After locating the line with "Women High Top" in the entries below, output it and each following line up to and including the line with "Rachel Ma, Sc.B", exactly and without pictures.

- Provided data:
[Start of Attachment]

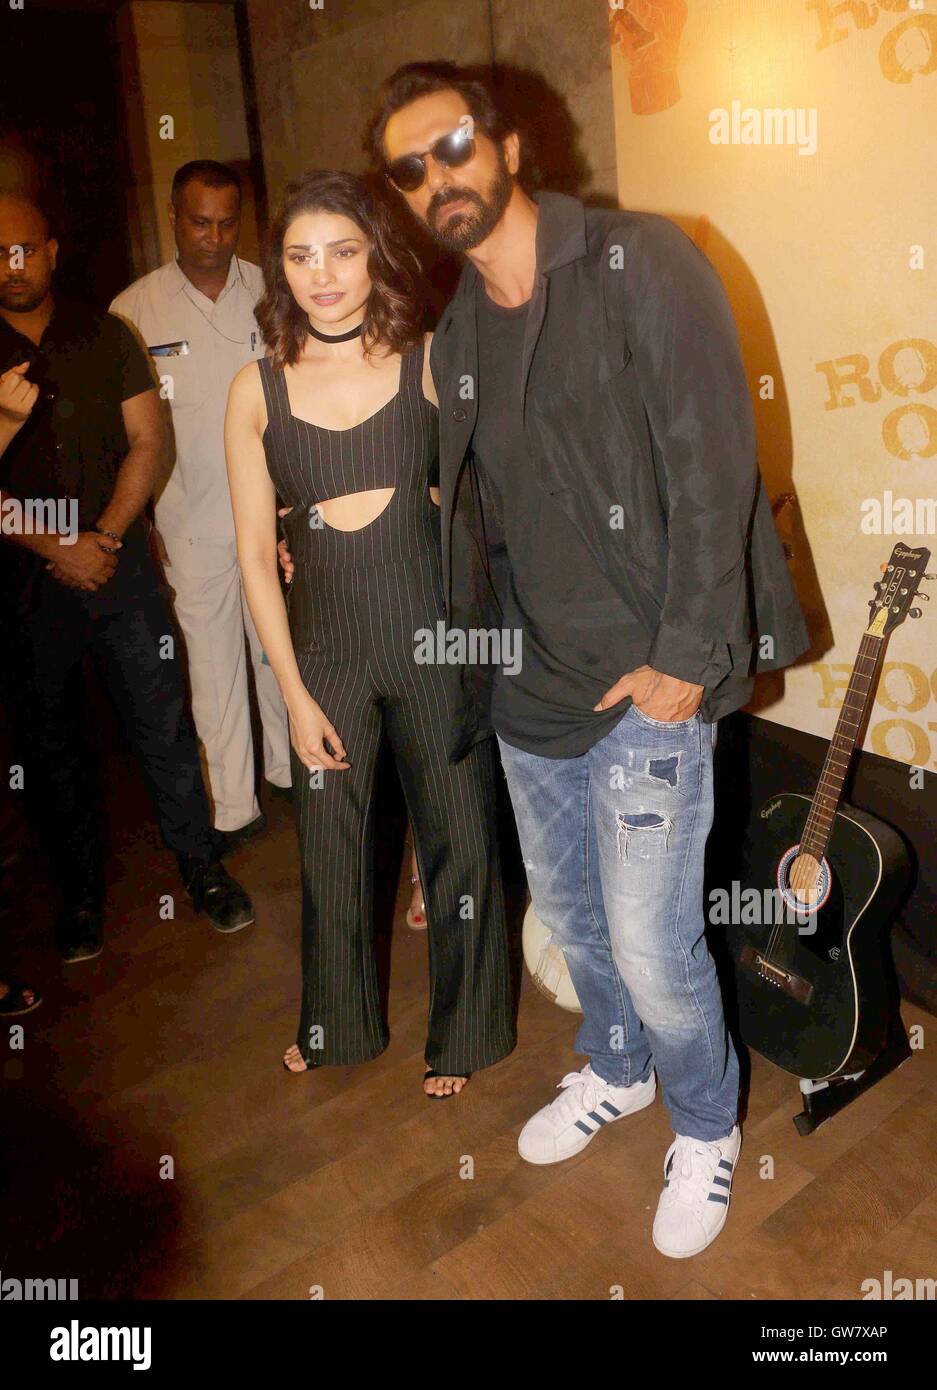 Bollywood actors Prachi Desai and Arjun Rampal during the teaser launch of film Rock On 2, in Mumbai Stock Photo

[End of Attachment]
[Start of Attachment]

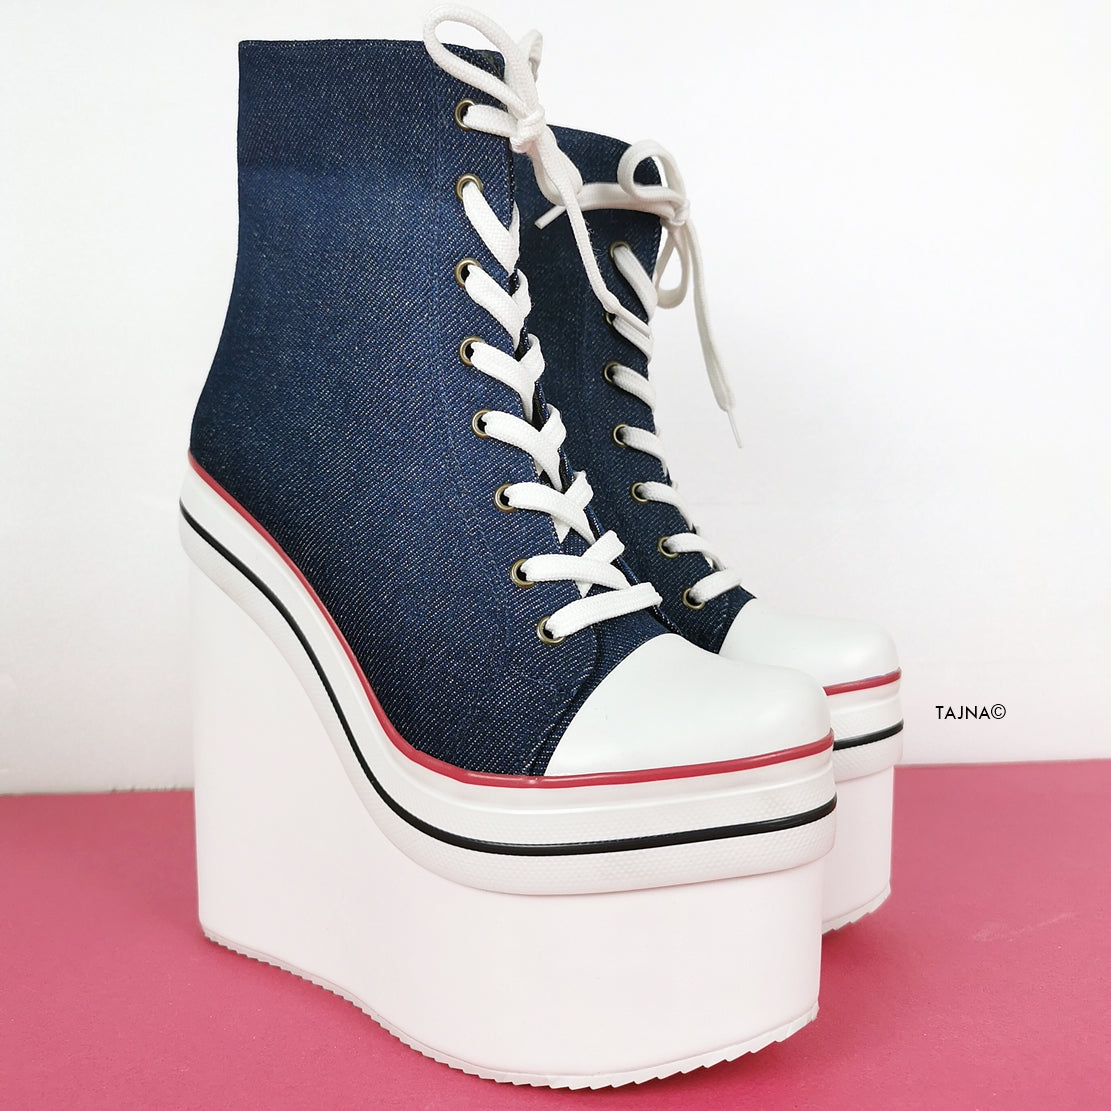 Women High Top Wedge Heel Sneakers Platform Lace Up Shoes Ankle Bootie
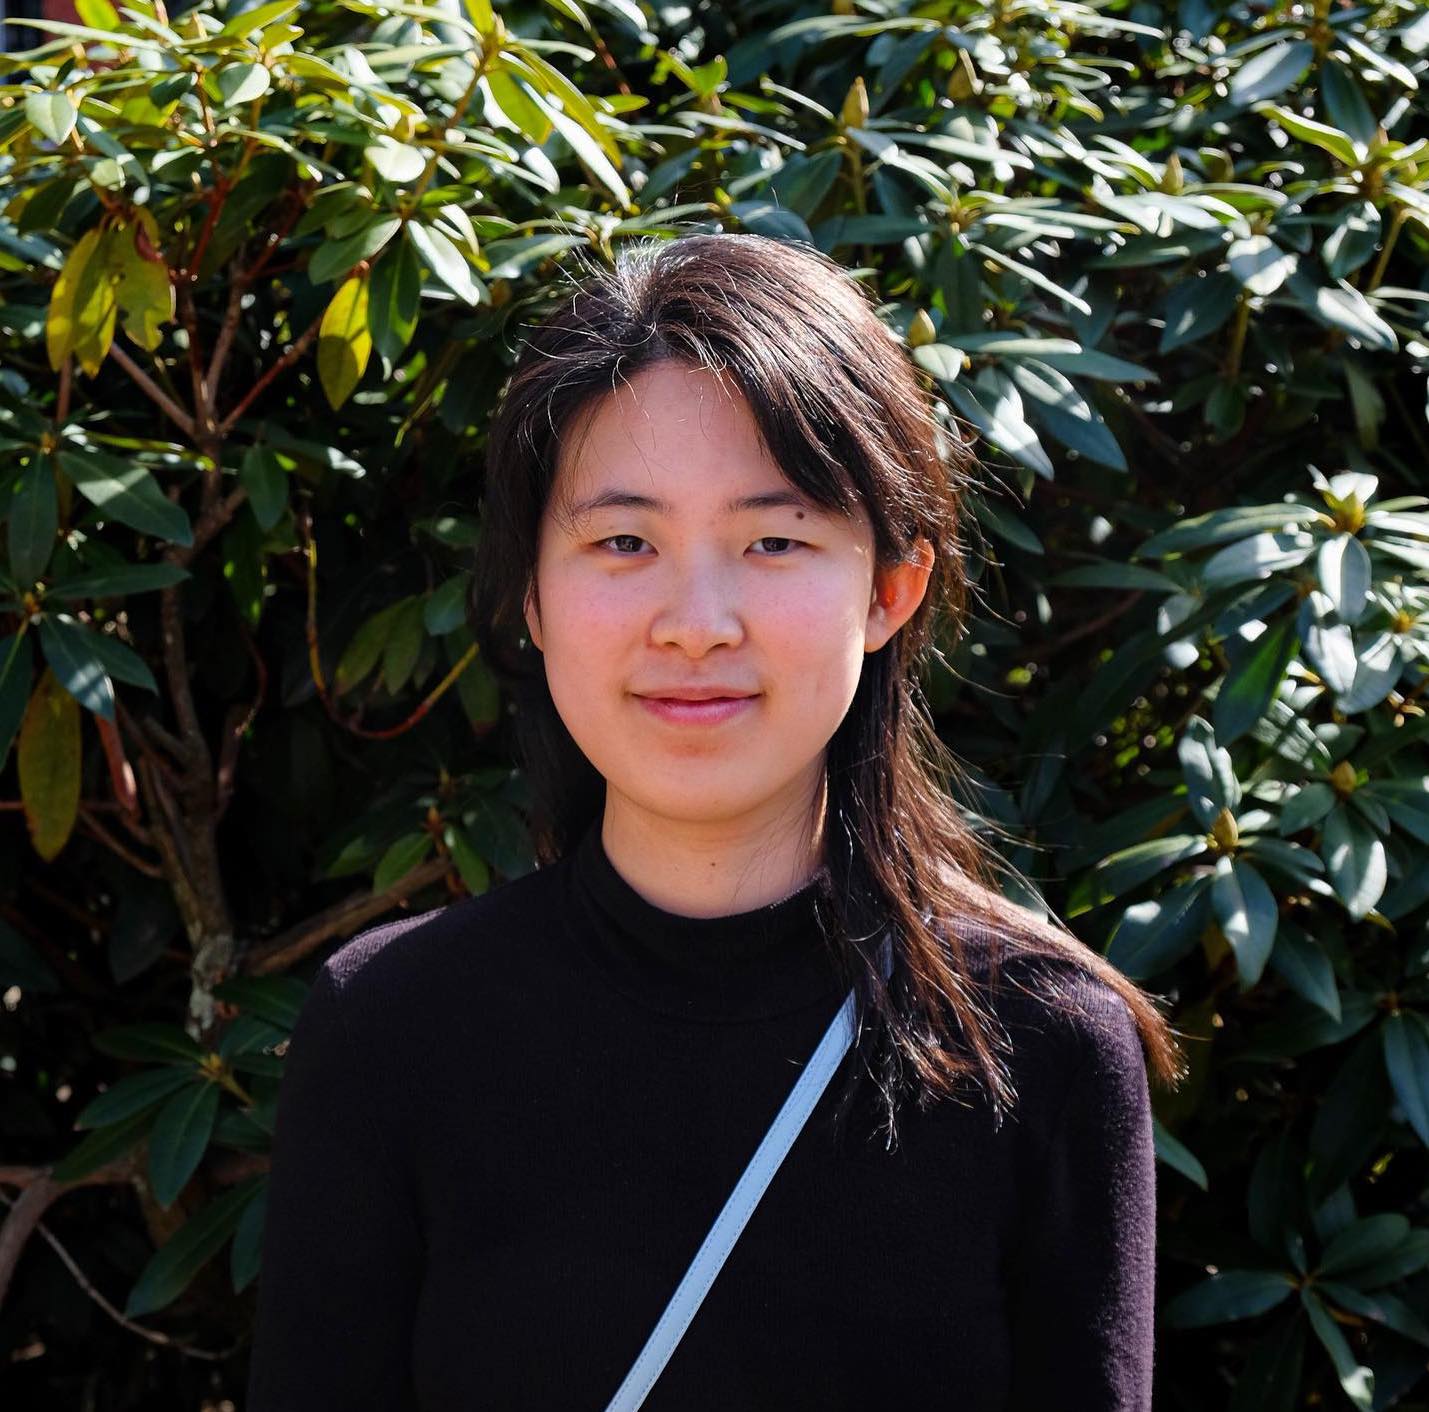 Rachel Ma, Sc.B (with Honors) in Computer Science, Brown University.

[End of Attachment]
[Start of Attachment]

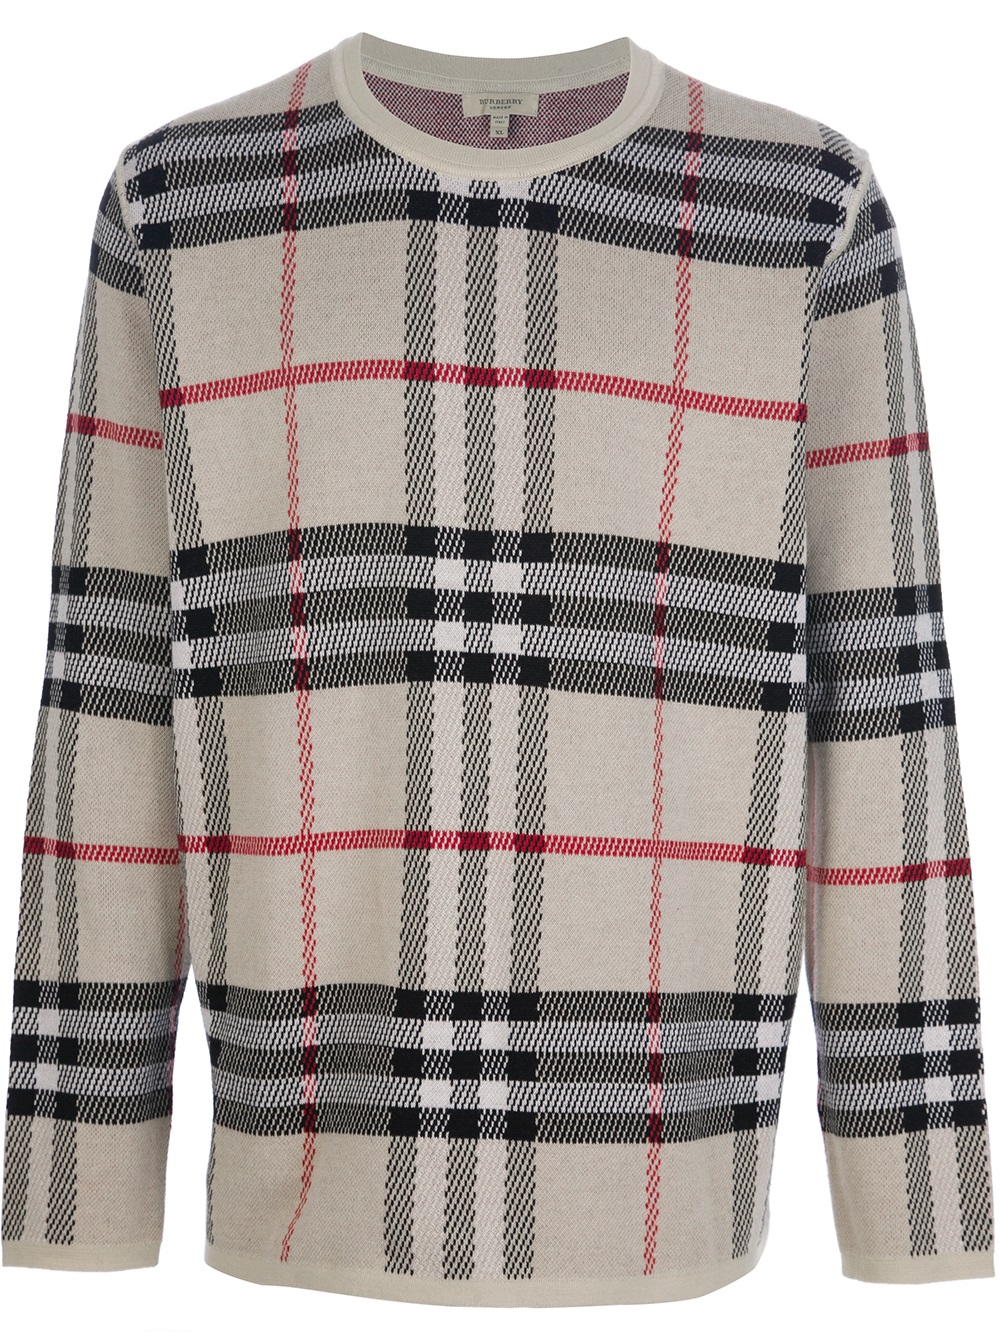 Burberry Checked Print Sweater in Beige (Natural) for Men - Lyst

[End of Attachment]

- Answer space:
 Women High Top Wedge Heel Sneakers Platform Lace Up Shoes Ankle Bootie
 Rachel Ma, Sc.B (with Honors) in Computer Science, Brown University.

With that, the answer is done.